Suppose you have a coin that you suspect might be biased. Here’s how you can debias it so that there’s a 50-50 chance of heads or tails, thanks to a neat idea often attributed to John von Neumann (1951/1963, p. 768):
“… in tossing a coin it is probably easier to make two consecutive tosses independent than to toss heads with probability exactly one-half. If independence of successive tosses is assumed, we can reconstruct a 50-50 chance out of even a badly biased coin by tossing twice. If we get heads-heads or tails-tails, we reject the tosses and try again. If we get heads-tails (or tails-heads), we accept the result as heads (or tails). The resulting process is rigorously unbiased, although the amended process is at most 25 percent as efficient as ordinary coin-tossing.”

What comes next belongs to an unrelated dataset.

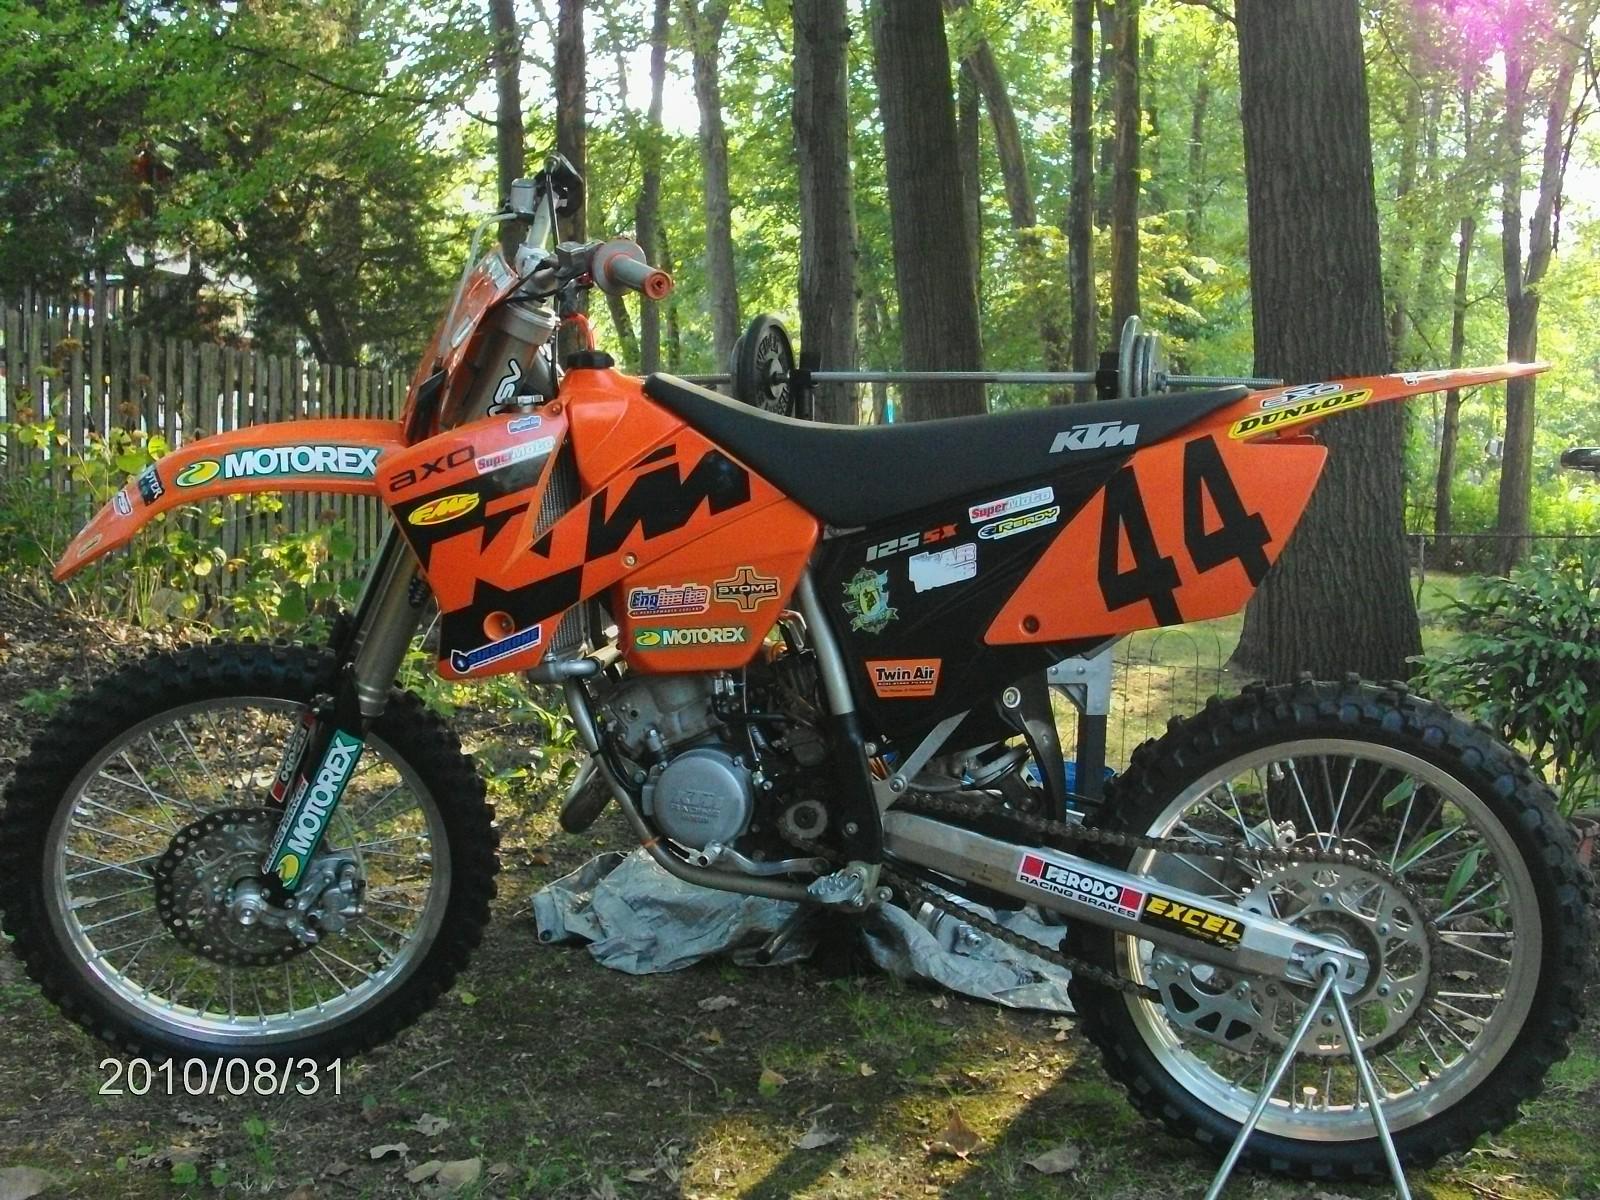 2004 KTM 125SX - racerxusa - Motocross Pictures - Vital MX

Why does this work? First, the probability of heads followed by tails (\(HT\)) is the following product, since coin flips are independent:
\(P(HT) = P(H) [1-P(H)]\)
We get the same answer for tails followed by heads (\(TH\)):
\(P(TH) = [1-P(H)] P(H) = P(H) [1-P(H)]\)

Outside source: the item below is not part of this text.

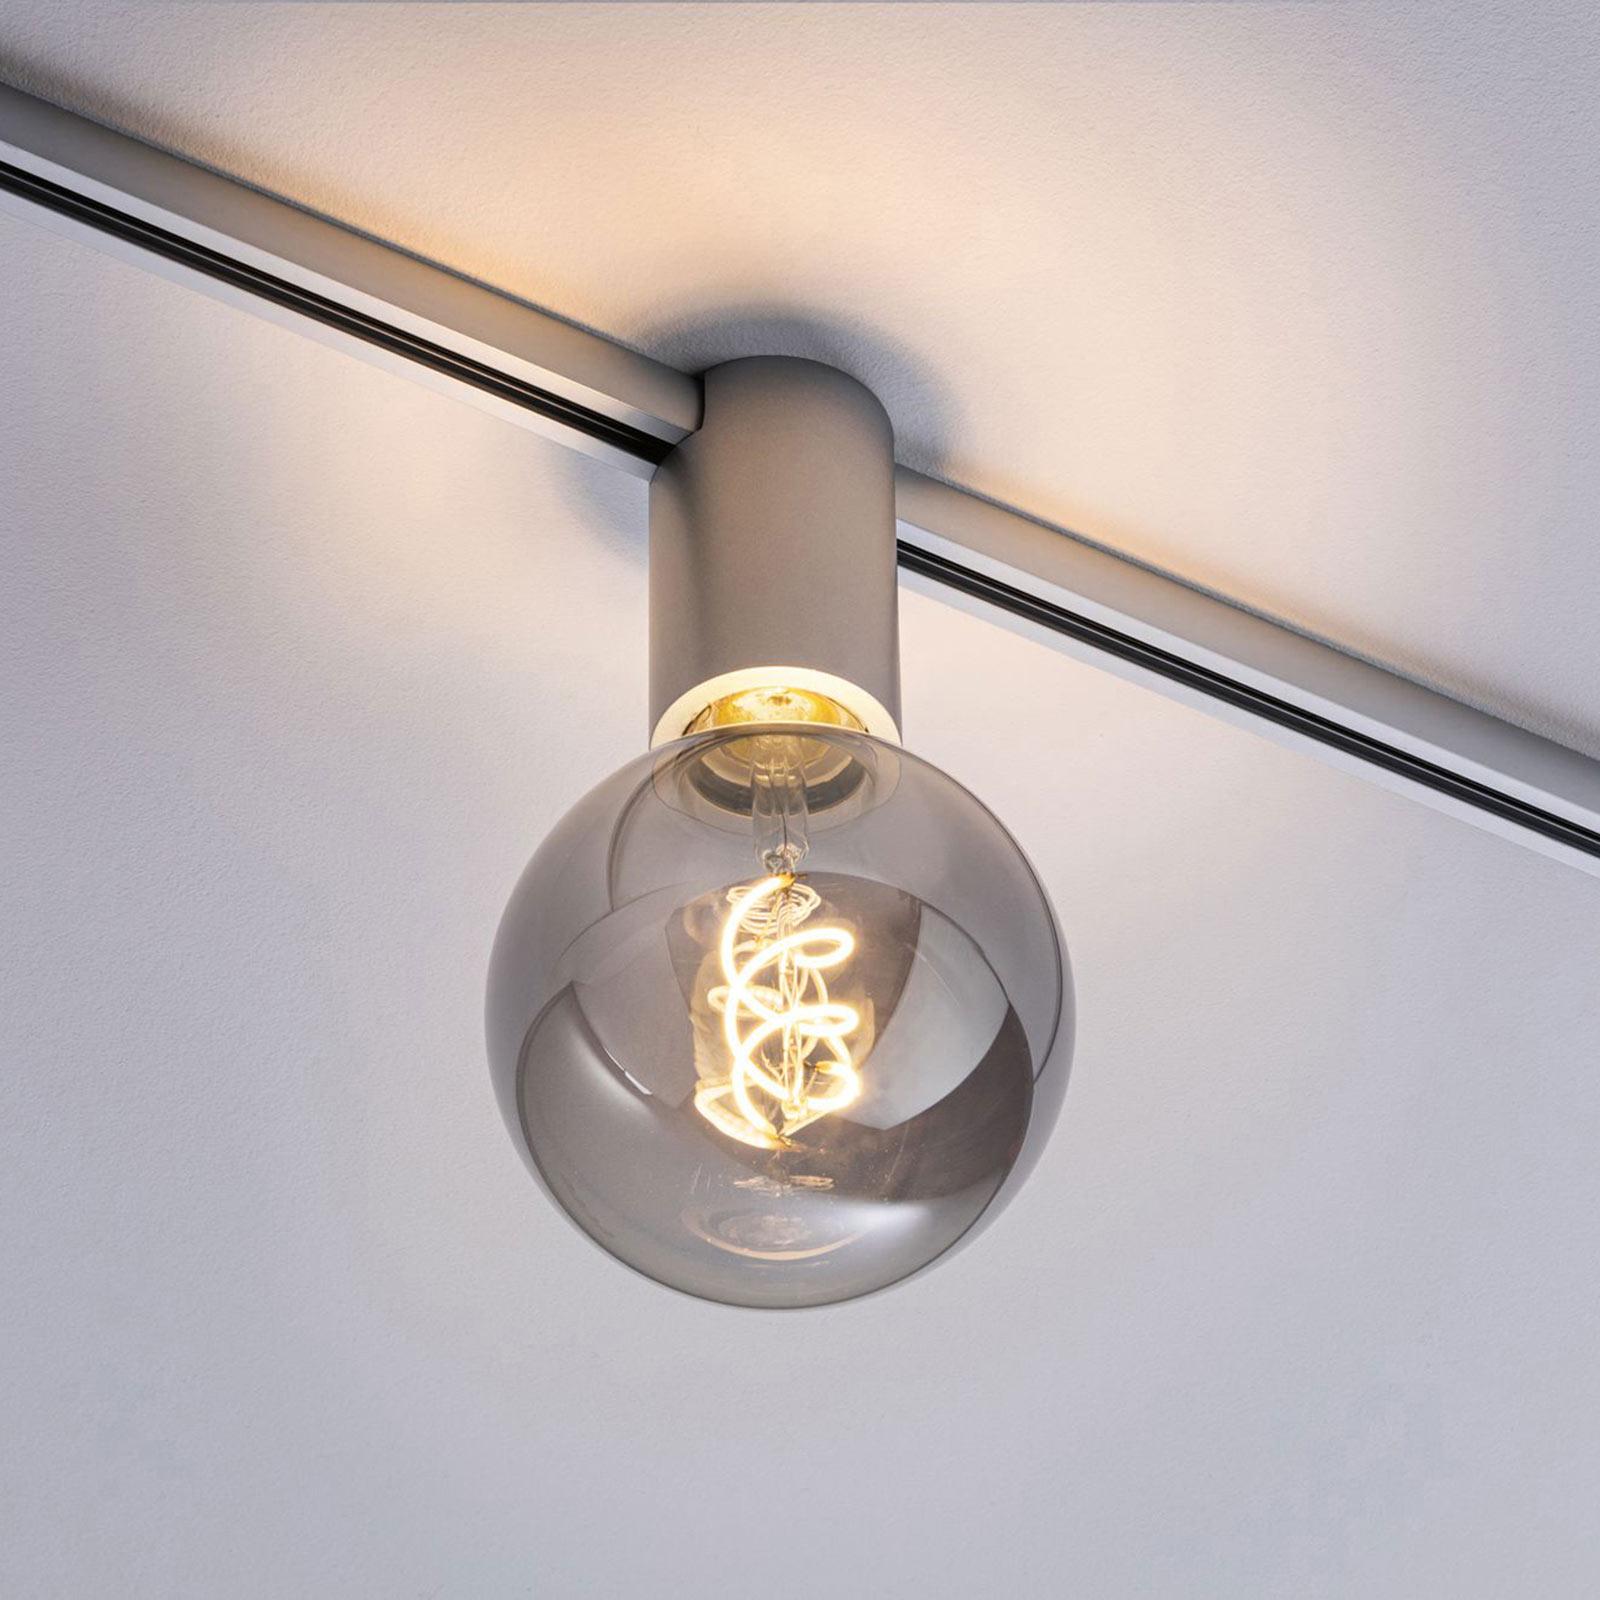 Paulmann URail Ceiling Socket E27, cromo satinato Offerte e sconti

So, \(P(HT) = P(TH)\), which already hints at why this works.
For example, if a coin is so ridiculously biased that it only has a 10% chance of a heads outcome, then
\(\displaystyle P(HT) = P(TH) = \frac{1}{10} \frac{9}{10} = \frac{9}{100}\)
We really want a debiased coin to have a 50-50 chance of a heads or tails outcome. That’s where ignoring \(HH\) and \(TT\) outcomes helps: we condition on \(HT\) or \(TH\).
Assuming \(0 < P(H) < 1\), then
\(\displaystyle P(HT|HT \lor TH) = \frac{P(HT)}{P(HT) + P(TH)}\)
\(\displaystyle = \frac{P(HT)}{P(HT) + P(HT)}\)
\(\displaystyle = \frac{1}{2}\)
Same sums for \(P(TH|HT \lor TH)\). Et voila, a fair coin from two or more tosses of a biased one!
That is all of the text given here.